Incontro Obama-Putin sulla Siria, posizioni distanti

Per Erdogan quasi tutti i leader favorevoli ad intervento

Incontro Obama-Putin sulla Siria, posizioni distanti
06/09/2013, 16:07

SAN PIETROBURGO  -   Colloquio tra Barack Obama e il premier Enrico Letta, questa mattina,  sulla questione Siria,  prima dell'inizio della seconda giornata dei lavori del G20.  Il presidente del Consiglio, riferiscono fonti governative, ha insistito con il presidente americano sulla possibilità  di trovare ancora una soluzione politica.  Ci sono ancora margini di manovra, ha insistito Letta. Il premier, riferiscono le stesse fonti, ha sottolineato ancora una volta la necessità  di lasciare spazio di azione all'Onu.  Mentre è scontro  tra  Usa-Russia in merito ad un intervento armato. Mosca si rifiuta di agire, anche in sede Onu, e semplicemente vuole evitare il problema,  ha detto la Casa Bianca nel corso di un briefing al summit. Obama resta sulla sua posizione: intervento necessario. Al leader cinese, Xi Jinping, ha detto: sulla Siria è importante continuare a lavorare con l'Onu, ma allo stesso tempo ha ribadito la necessità di un intervento contro il regime di Assad, responsabile dell'uso di armi chimiche.

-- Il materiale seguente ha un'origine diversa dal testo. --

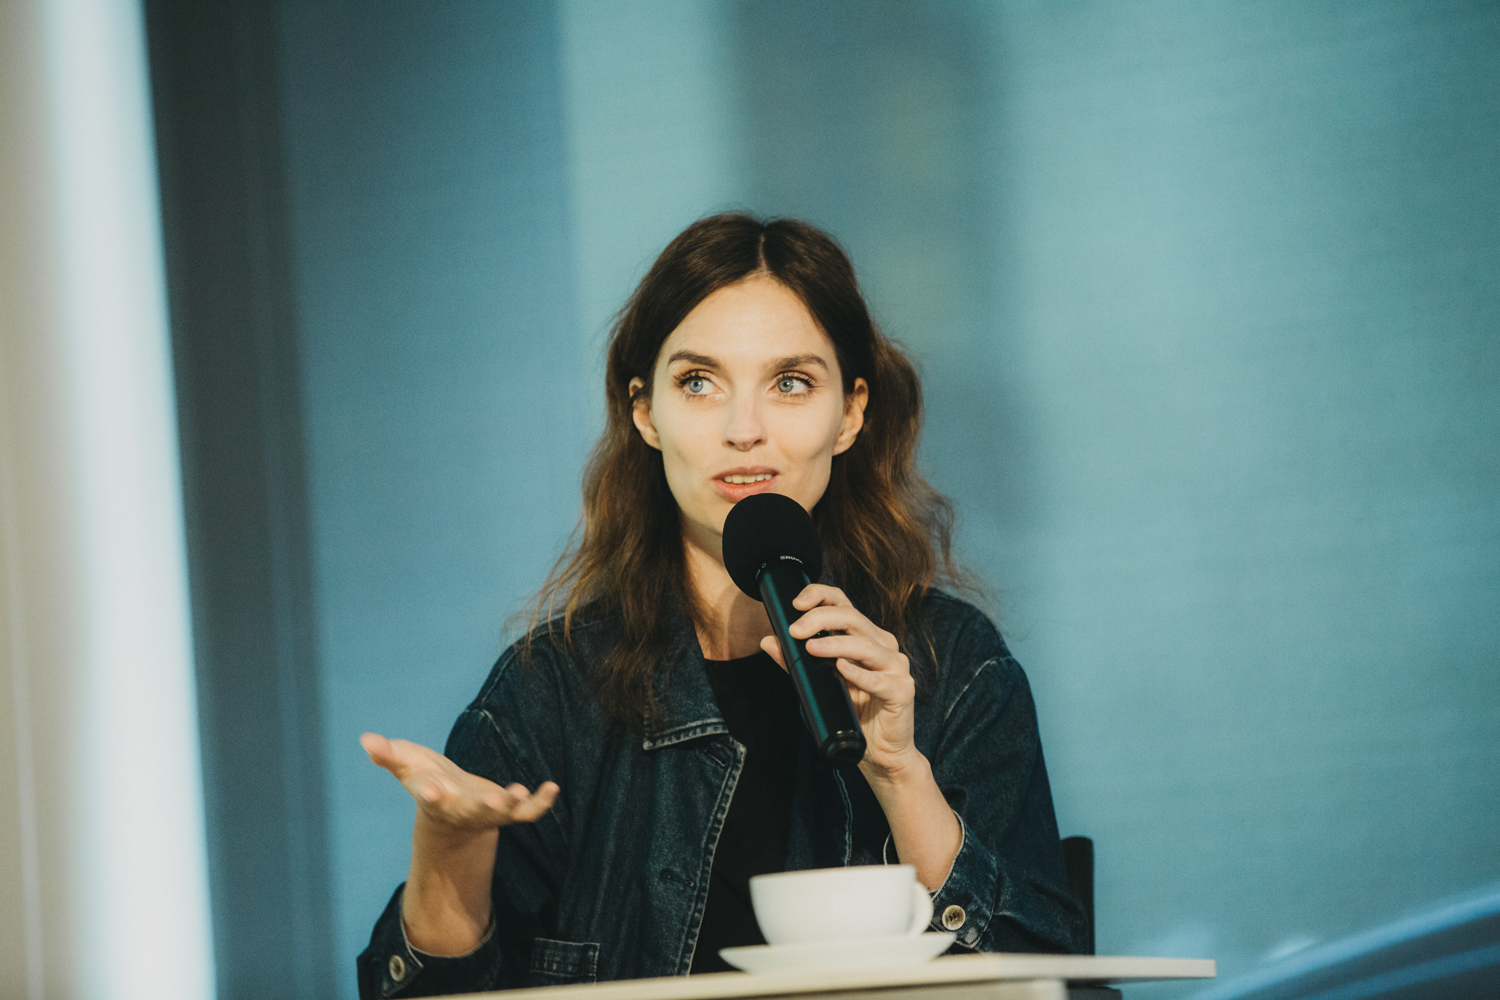 MEET THE COMPOSER AND COMPOSITION WORKSHOPS: Gísladóttir, Austrian Cultural Forum 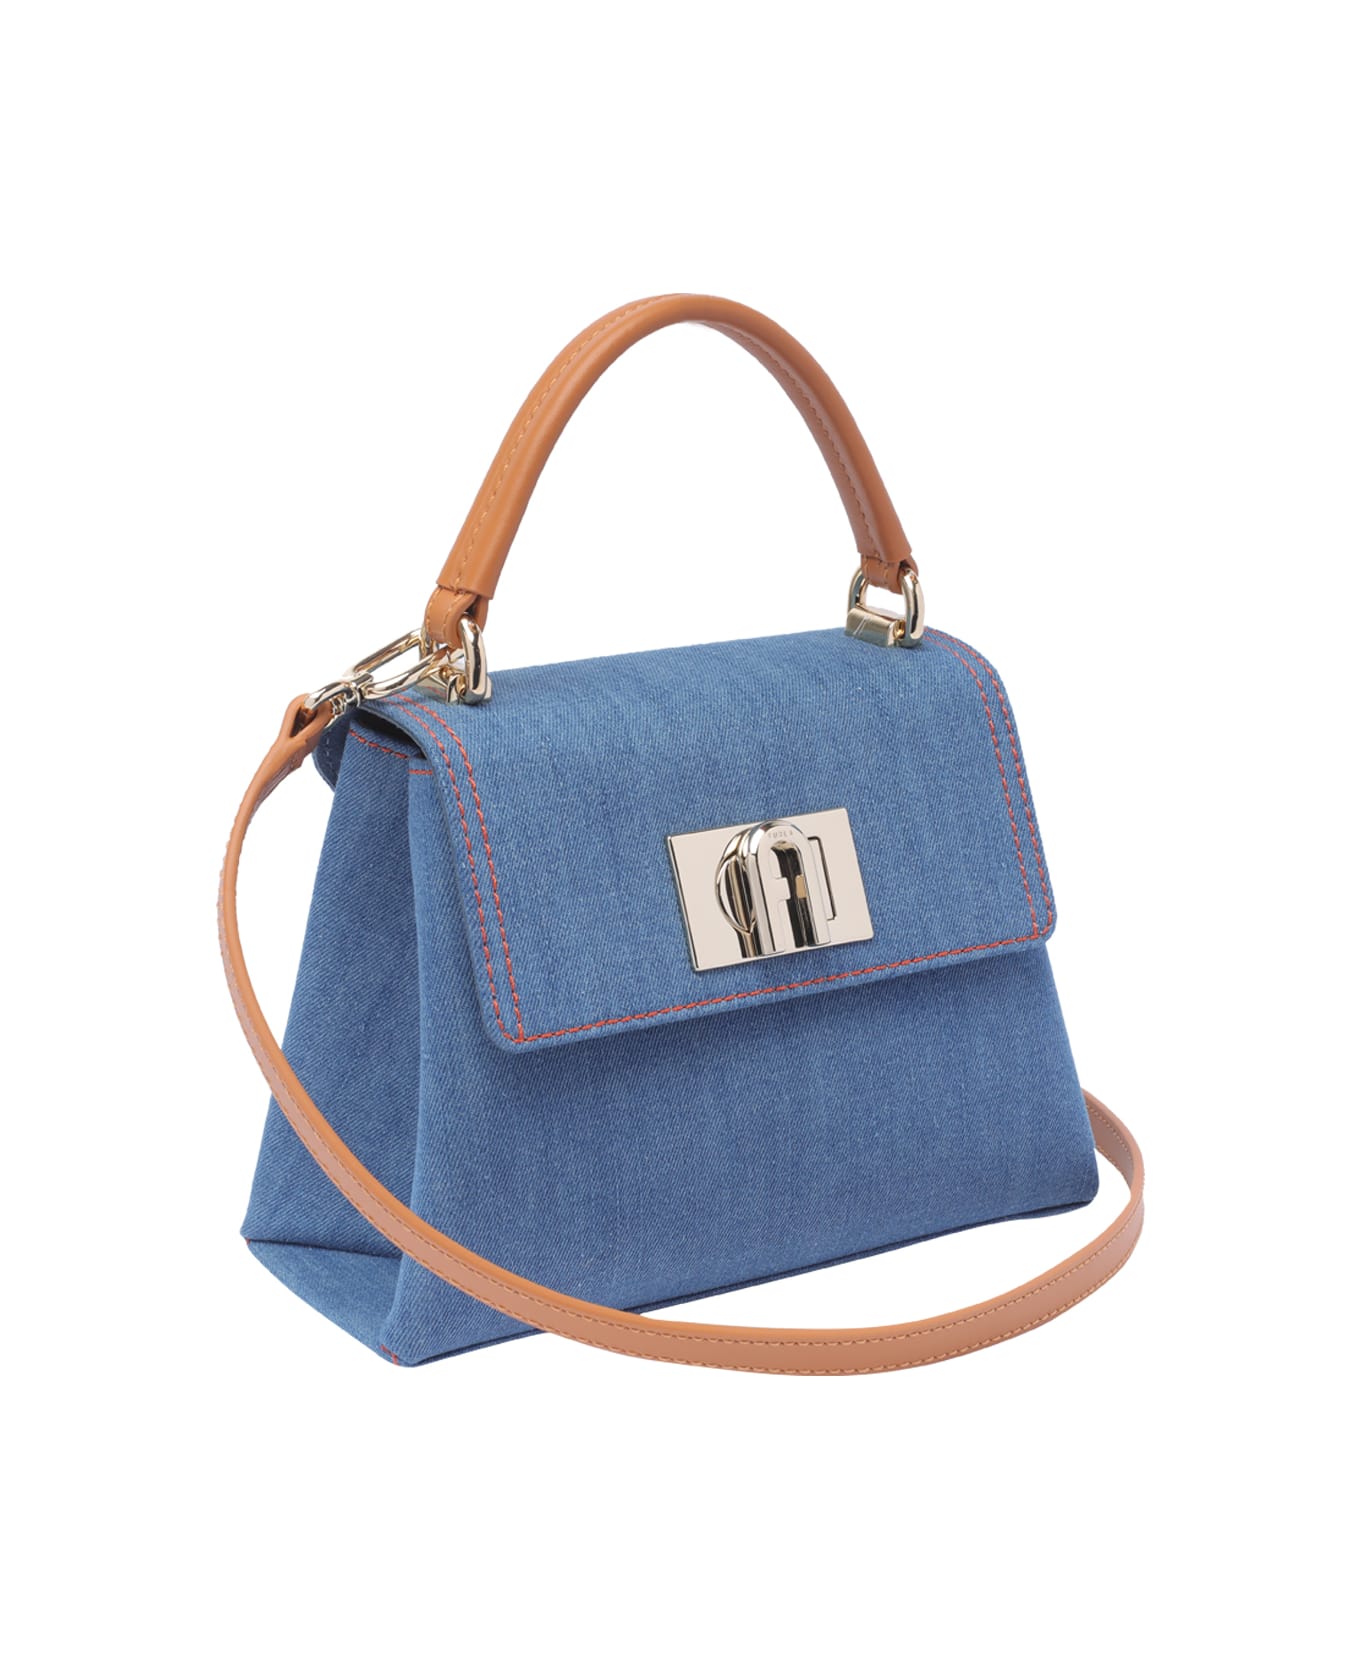 Furla Mini Furla 1927 Handbag - Mediterranean blue

AGGIORNAMENTO ORE 16  - Il presidente statunitense Barack Obama e quello russo Vladimir Putin si sono incontrati in un colloquio a due, durato 20 minuti, a margine del G20 ma le loro posizioni i sulla Siria restano lontane. Lo ha detto il consigliere Yuri Ushakov aggiungendo che la Siria resta la questione principale.  Il premier turco Recep Tayyip Erdogan in una conferenza stampa al termine del vertice ha detto che  “quasi tutti i leader al G20 sono d’accordo con la necessità di un intervento militare in Siria”,  ma  nel comunicato finale del G20 di San Pietroburgo -   pubblicato sul sito internet  -   non si parla di Damasco.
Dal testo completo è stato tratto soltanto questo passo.